NAVARIS_FIRECRACKER_BIN=/usr/local/lib/navaris/firecracker/bin/firecracker
NAVARIS_JAILER_BIN=/usr/local/lib/navaris/firecracker/bin/jailer
NAVARIS_KERNEL_PATH=/var/lib/navaris/firecracker/vmlinux
NAVARIS_IMAGE_DIR=/var/lib/navaris/firecracker/images
NAVARIS_CHROOT_BASE=/var/lib/navaris/firecracker/vm
NAVARIS_SNAPSHOT_DIR=/var/lib/navaris/firecracker/snapshots
NAVARIS_ENABLE_JAILER=true
# NAVARIS_FIRECRACKER_DEFAULT_VCPU=1
# NAVARIS_FIRECRACKER_DEFAULT_MEMORY_MB=256

If these are unset, navarisd should run without the Firecracker backend and continue serving whichever backends are configured, such as Incus.

Navaris clones rootfs files via a pluggable storage backend (full reference: docs/storage-backends.md). On a CoW-capable host the clone is a metadata-only ioctl(FICLONE) — N sandboxes spawned from one template share blocks instead of paying N × rootfsSize.

Recommended host filesystems for the storage roots (NAVARIS_IMAGE_DIR, NAVARIS_CHROOT_BASE, NAVARIS_SNAPSHOT_DIR):

• btrfs — native CoW. Consider nodatacow on the storage subvolume to reduce fragmentation under heavy random writes inside guest rootfs images.
• XFS — must be created with mkfs.xfs -m reflink=1. Reflink cannot be enabled in place on an existing XFS filesystem.
• bcachefs — recent kernels.
• ext4 / tmpfs / NFS — no reflink; clones fall back to a full byte copy.

Place all three storage roots on the same filesystem to maximise CoW coverage.

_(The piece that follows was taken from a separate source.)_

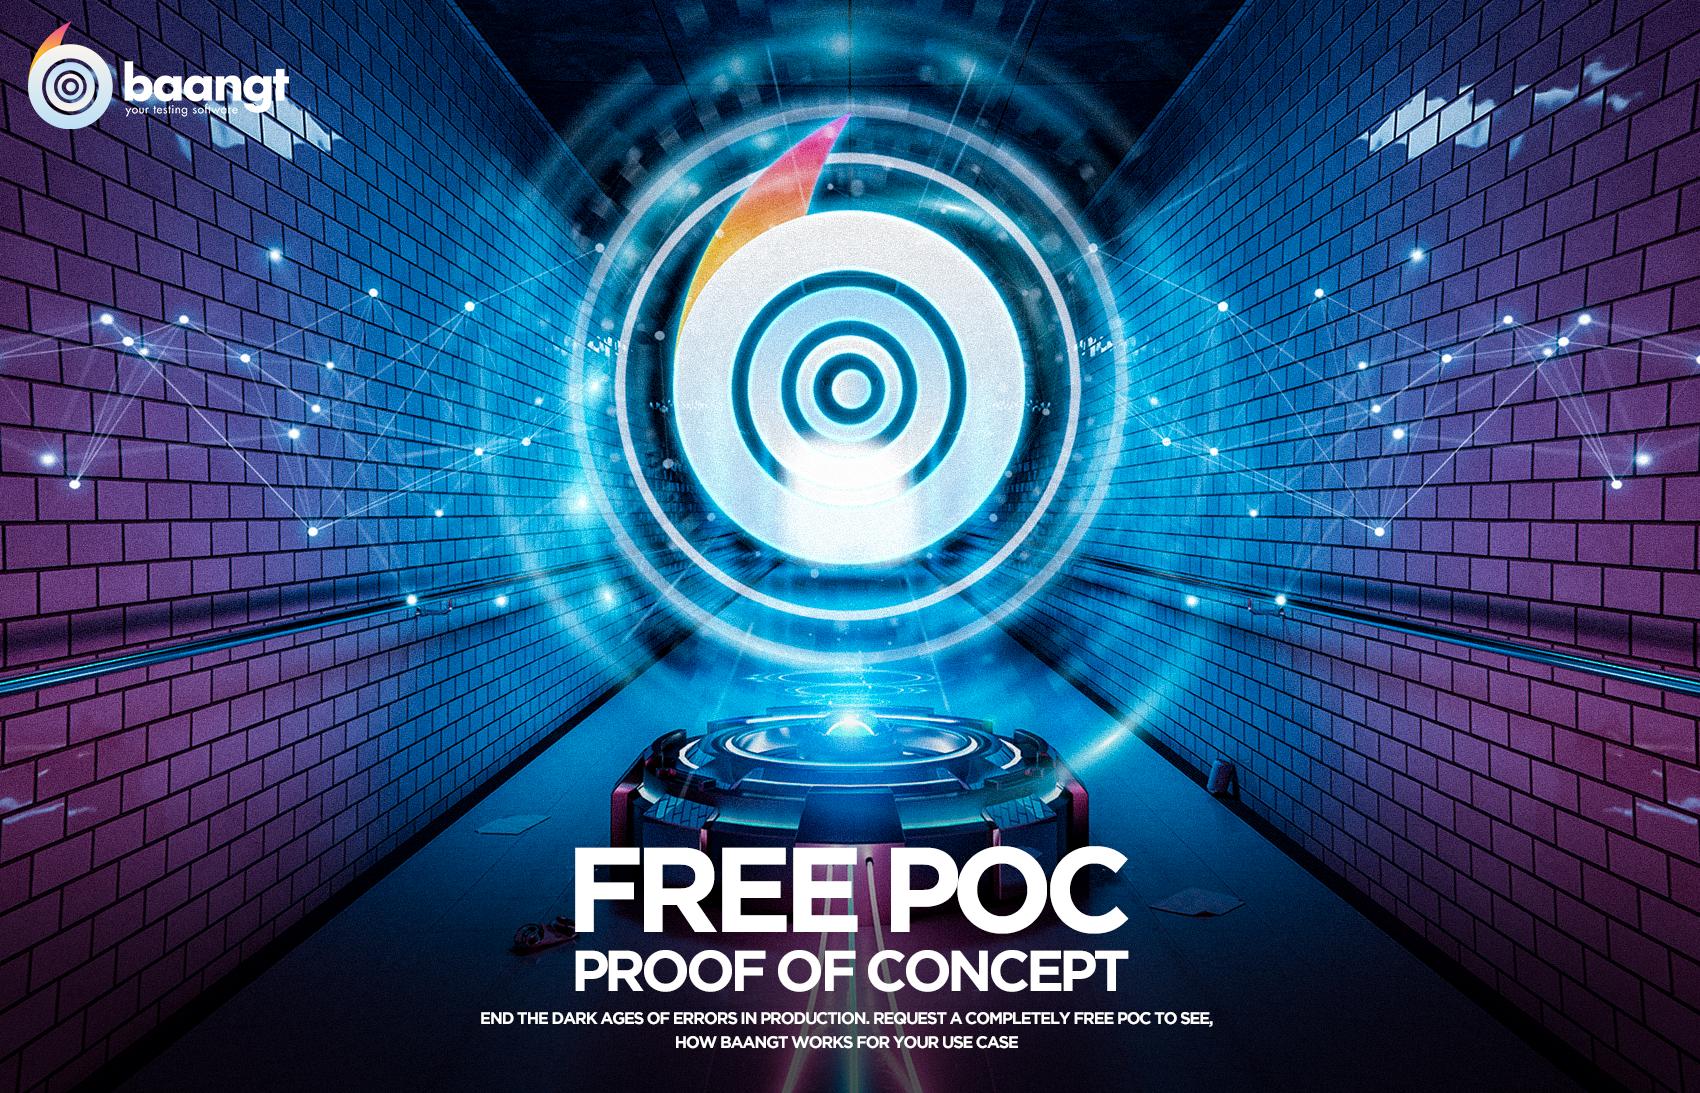 Weekly free POC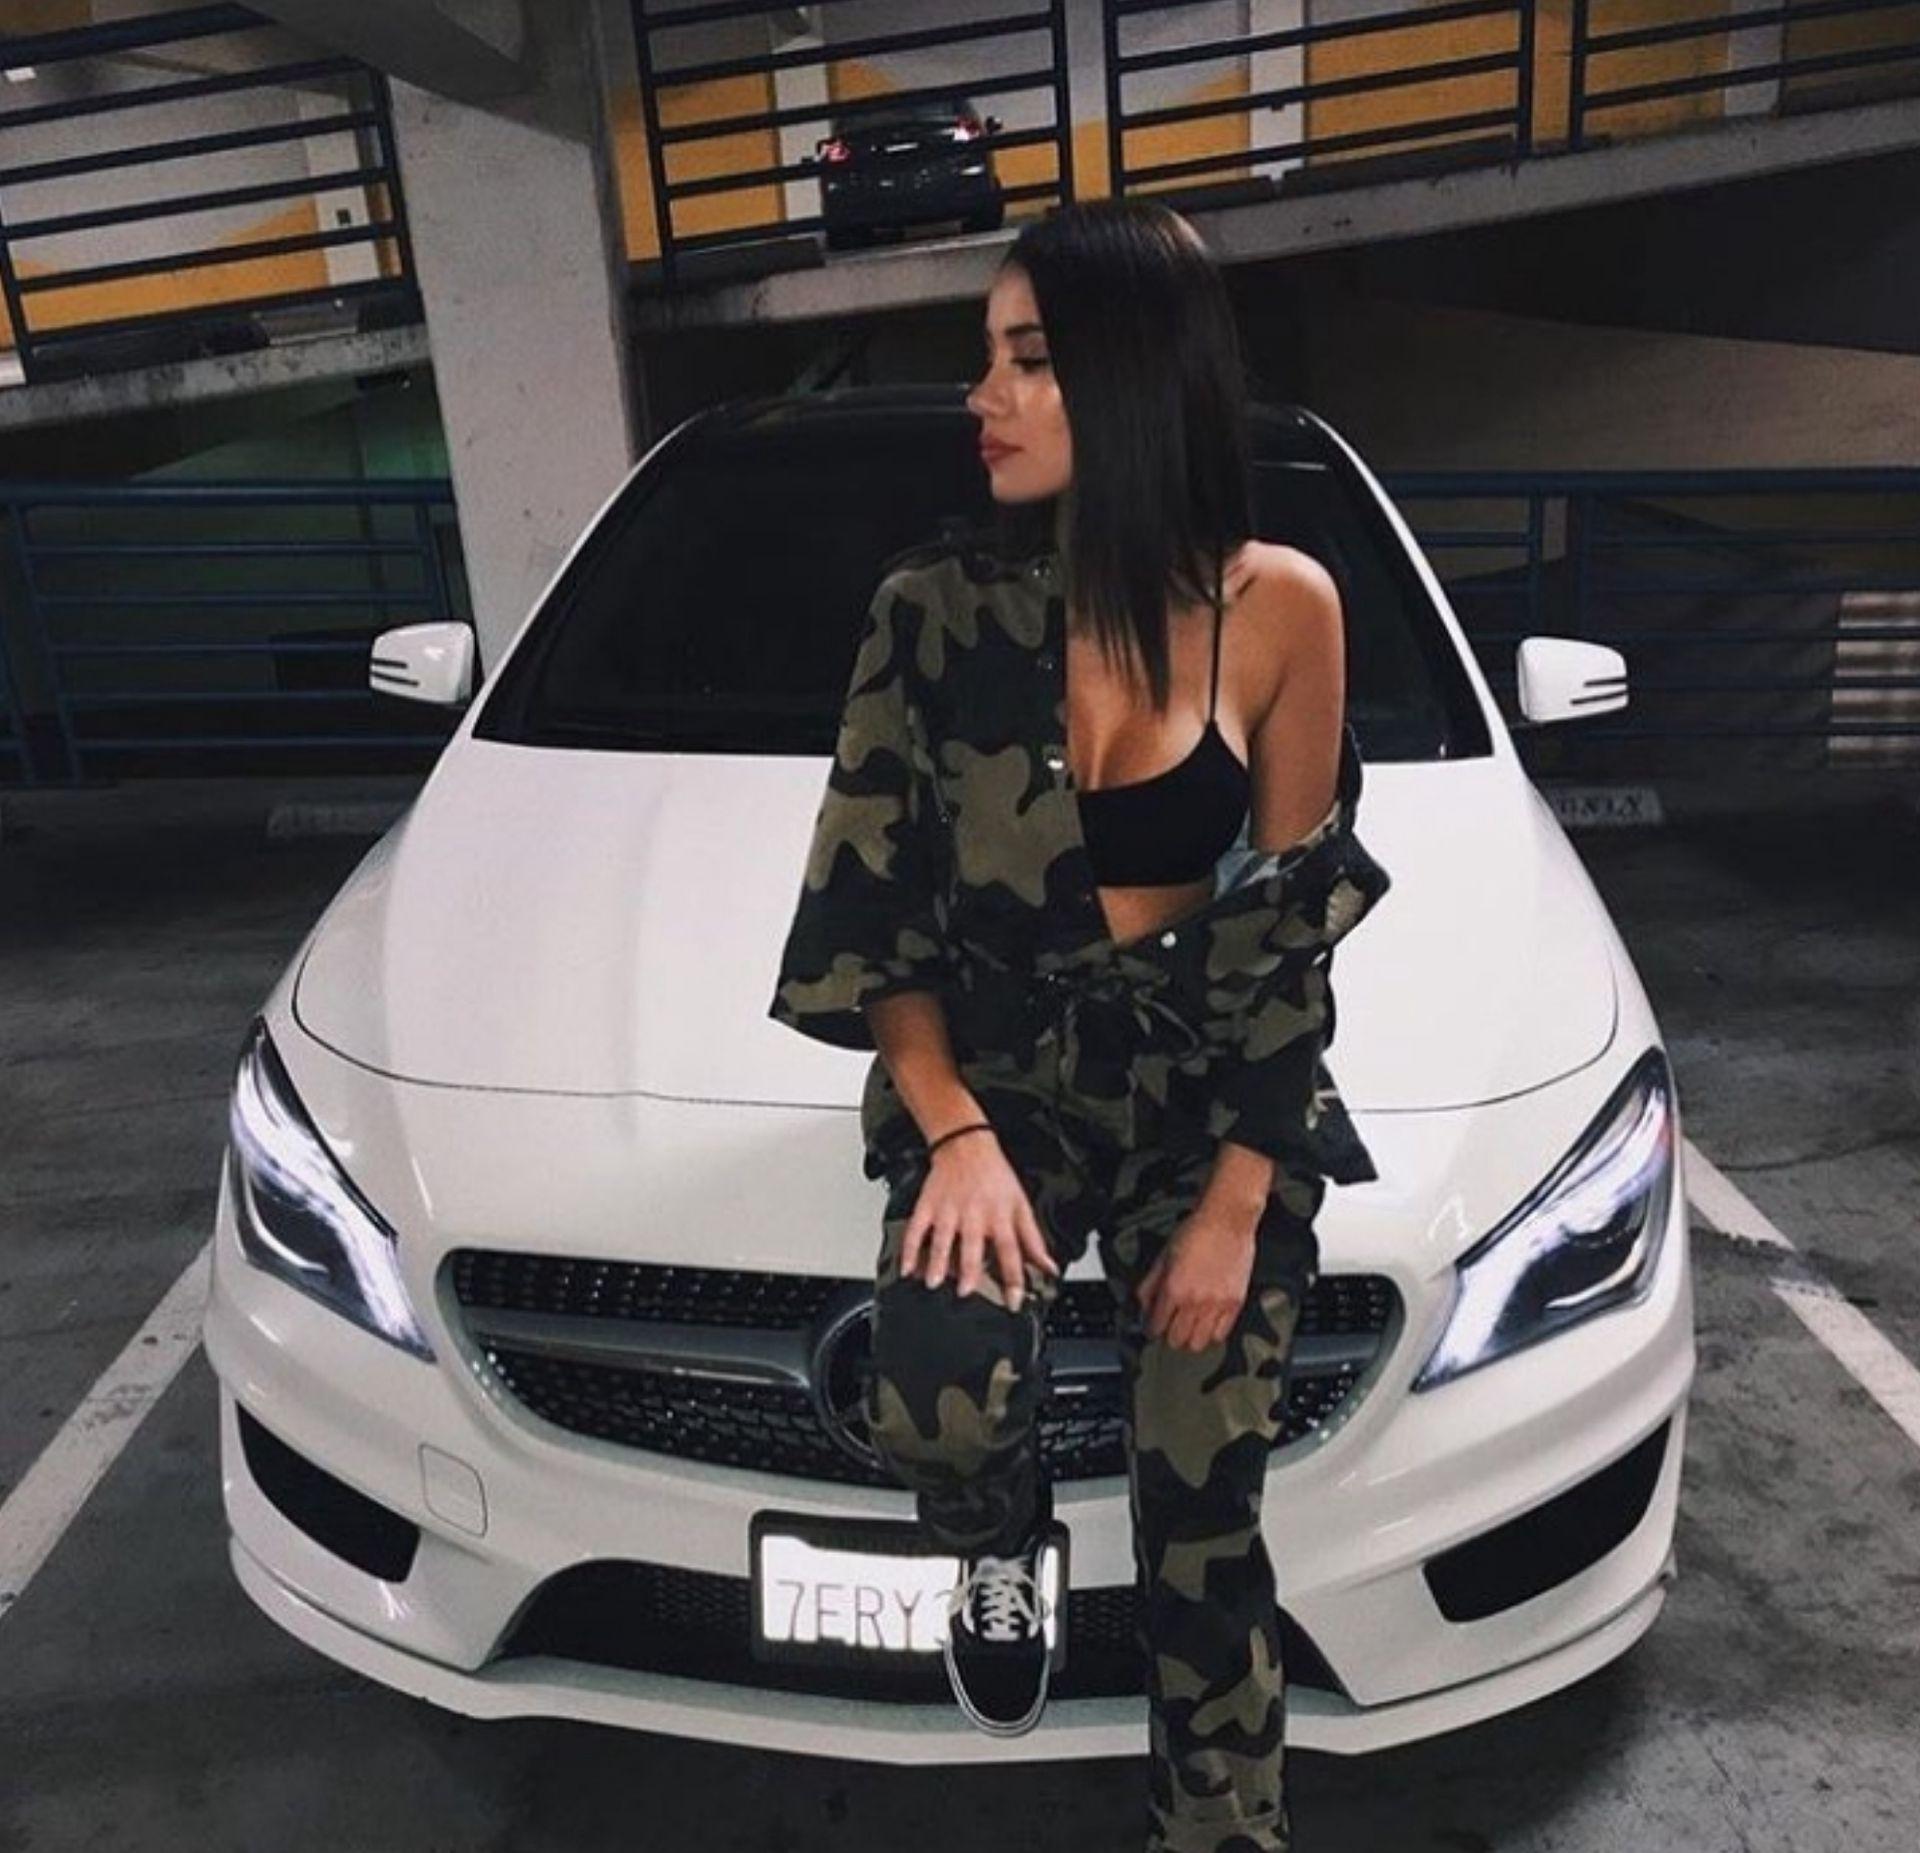 D I A B L A Ecko Con Imagenes Chicas En Autos Chicas De

Select the mode at startup with NAVARIS_STORAGE_MODE (auto — default — probes each root; copy forces full copy; reflink is a hard precondition that fails startup on a non-CoW root).

Memory-CoW forking of running Firecracker sandboxes is exposed via POST /v1/sandboxes/{id}/fork — see docs/sandbox-fork.md.

For Incus, navaris does not implement CoW directly — Incus uses its own storage pools. The daemon checks the configured pool driver at startup and warns on dir/lvm. Set NAVARIS_INCUS_STRICT_POOL_COW=true to upgrade the warning to a startup error.

After extracting the release archive, run:

sudo ./scripts/install-native.sh

That installer:

• places the binaries under /usr/local/bin
• places support files under /usr/local/lib/navaris
• installs the systemd unit
• creates /etc/navaris/navarisd.env if it does not already exist
• creates /var/lib/navaris and the Firecracker directory skeleton

Useful installer options:

sudo ./scripts/install-native.sh --enable --start
sudo ./scripts/install-native.sh --prefix /opt/navaris --skip-systemd

The repo includes a systemd wrapper script so native installs can configure navarisd through /etc/navaris/navarisd.env without requiring the daemon itself to read env vars directly.

If you prefer to install the files manually instead of using the installer:

sudo install -d /etc/navaris /usr/local/lib/navaris
sudo install -m 0644 packaging/systemd/navarisd.service /etc/systemd/system/navarisd.service
sudo install -m 0755 packaging/systemd/navarisd-launch.sh /usr/local/lib/navaris/navarisd-launch.sh
sudo install -m 0644 packaging/systemd/navarisd.env.example /etc/navaris/navarisd.env
sudo systemctl daemon-reload
sudo systemctl enable --now navarisd

The repo ships a tag-driven workflow at .github/workflows/release.yml.

On version tags such as v0.1.0, GitHub Actions will:

1. Build release tarballs and .deb packages for linux-amd64 and linux-arm64.
2. Include Navaris binaries and packaging files.
3. Generate SHA256SUMS.
4. Publish or update the matching GitHub Release.

The archive assembly is handled by scripts/package-release.sh.

Firecracker guest kernels and rootfs images remain outside those main release assets.